(Beginning of Dataset entries)

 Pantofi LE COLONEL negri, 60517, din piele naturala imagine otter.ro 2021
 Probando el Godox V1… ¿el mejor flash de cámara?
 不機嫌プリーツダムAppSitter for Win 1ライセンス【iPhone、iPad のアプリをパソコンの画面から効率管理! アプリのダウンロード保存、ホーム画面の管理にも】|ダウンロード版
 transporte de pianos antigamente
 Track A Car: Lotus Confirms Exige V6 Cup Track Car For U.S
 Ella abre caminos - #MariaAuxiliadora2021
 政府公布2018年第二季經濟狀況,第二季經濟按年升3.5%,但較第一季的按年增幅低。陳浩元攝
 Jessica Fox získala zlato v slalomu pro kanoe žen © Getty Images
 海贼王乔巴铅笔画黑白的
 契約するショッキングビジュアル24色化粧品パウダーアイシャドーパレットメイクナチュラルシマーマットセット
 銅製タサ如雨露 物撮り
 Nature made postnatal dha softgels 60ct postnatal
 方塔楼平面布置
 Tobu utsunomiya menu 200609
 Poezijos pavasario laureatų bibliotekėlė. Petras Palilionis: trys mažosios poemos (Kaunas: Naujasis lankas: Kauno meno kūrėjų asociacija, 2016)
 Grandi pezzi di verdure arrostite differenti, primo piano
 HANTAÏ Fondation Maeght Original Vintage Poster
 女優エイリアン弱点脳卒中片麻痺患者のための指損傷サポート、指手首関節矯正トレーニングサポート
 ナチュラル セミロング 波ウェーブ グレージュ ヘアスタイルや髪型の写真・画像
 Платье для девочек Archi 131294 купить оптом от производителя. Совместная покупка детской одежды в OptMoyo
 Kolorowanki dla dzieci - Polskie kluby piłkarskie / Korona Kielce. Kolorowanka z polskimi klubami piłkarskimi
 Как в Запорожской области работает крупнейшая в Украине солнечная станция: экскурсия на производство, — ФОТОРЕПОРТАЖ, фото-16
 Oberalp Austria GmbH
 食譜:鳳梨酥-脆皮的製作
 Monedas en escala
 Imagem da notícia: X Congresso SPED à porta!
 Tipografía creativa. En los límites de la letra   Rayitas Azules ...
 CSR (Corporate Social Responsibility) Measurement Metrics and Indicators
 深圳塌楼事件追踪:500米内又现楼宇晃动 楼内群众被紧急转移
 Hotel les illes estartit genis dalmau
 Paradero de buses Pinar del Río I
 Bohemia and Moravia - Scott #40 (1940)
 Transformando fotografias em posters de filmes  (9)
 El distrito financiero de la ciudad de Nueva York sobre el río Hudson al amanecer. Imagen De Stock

(End of Dataset entries)

- _Task item_
Write each line of the data above out again without altering a word.

- _Answer_
 Pantofi LE COLONEL negri, 60517, din piele naturala imagine otter.ro 2021
 Probando el Godox V1… ¿el mejor flash de cámara?
 不機嫌プリーツダムAppSitter for Win 1ライセンス【iPhone、iPad のアプリをパソコンの画面から効率管理! アプリのダウンロード保存、ホーム画面の管理にも】|ダウンロード版
 transporte de pianos antigamente
 Track A Car: Lotus Confirms Exige V6 Cup Track Car For U.S
 Ella abre caminos - #MariaAuxiliadora2021
 政府公布2018年第二季經濟狀況,第二季經濟按年升3.5%,但較第一季的按年增幅低。陳浩元攝
 Jessica Fox získala zlato v slalomu pro kanoe žen © Getty Images
 海贼王乔巴铅笔画黑白的
 契約するショッキングビジュアル24色化粧品パウダーアイシャドーパレットメイクナチュラルシマーマットセット
 銅製タサ如雨露 物撮り
 Nature made postnatal dha softgels 60ct postnatal
 方塔楼平面布置
 Tobu utsunomiya menu 200609
 Poezijos pavasario laureatų bibliotekėlė. Petras Palilionis: trys mažosios poemos (Kaunas: Naujasis lankas: Kauno meno kūrėjų asociacija, 2016)
 Grandi pezzi di verdure arrostite differenti, primo piano
 HANTAÏ Fondation Maeght Original Vintage Poster
 女優エイリアン弱点脳卒中片麻痺患者のための指損傷サポート、指手首関節矯正トレーニングサポート
 ナチュラル セミロング 波ウェーブ グレージュ ヘアスタイルや髪型の写真・画像
 Платье для девочек Archi 131294 купить оптом от производителя. Совместная покупка детской одежды в OptMoyo
 Kolorowanki dla dzieci - Polskie kluby piłkarskie / Korona Kielce. Kolorowanka z polskimi klubami piłkarskimi
 Как в Запорожской области работает крупнейшая в Украине солнечная станция: экскурсия на производство, — ФОТОРЕПОРТАЖ, фото-16
 Oberalp Austria GmbH
 食譜:鳳梨酥-脆皮的製作
 Monedas en escala
 Imagem da notícia: X Congresso SPED à porta!
 Tipografía creativa. En los límites de la letra   Rayitas Azules ...
 CSR (Corporate Social Responsibility) Measurement Metrics and Indicators
 深圳塌楼事件追踪:500米内又现楼宇晃动 楼内群众被紧急转移
 Hotel les illes estartit genis dalmau
 Paradero de buses Pinar del Río I
 Bohemia and Moravia - Scott #40 (1940)
 Transformando fotografias em posters de filmes  (9)
 El distrito financiero de la ciudad de Nueva York sobre el río Hudson al amanecer. Imagen De Stock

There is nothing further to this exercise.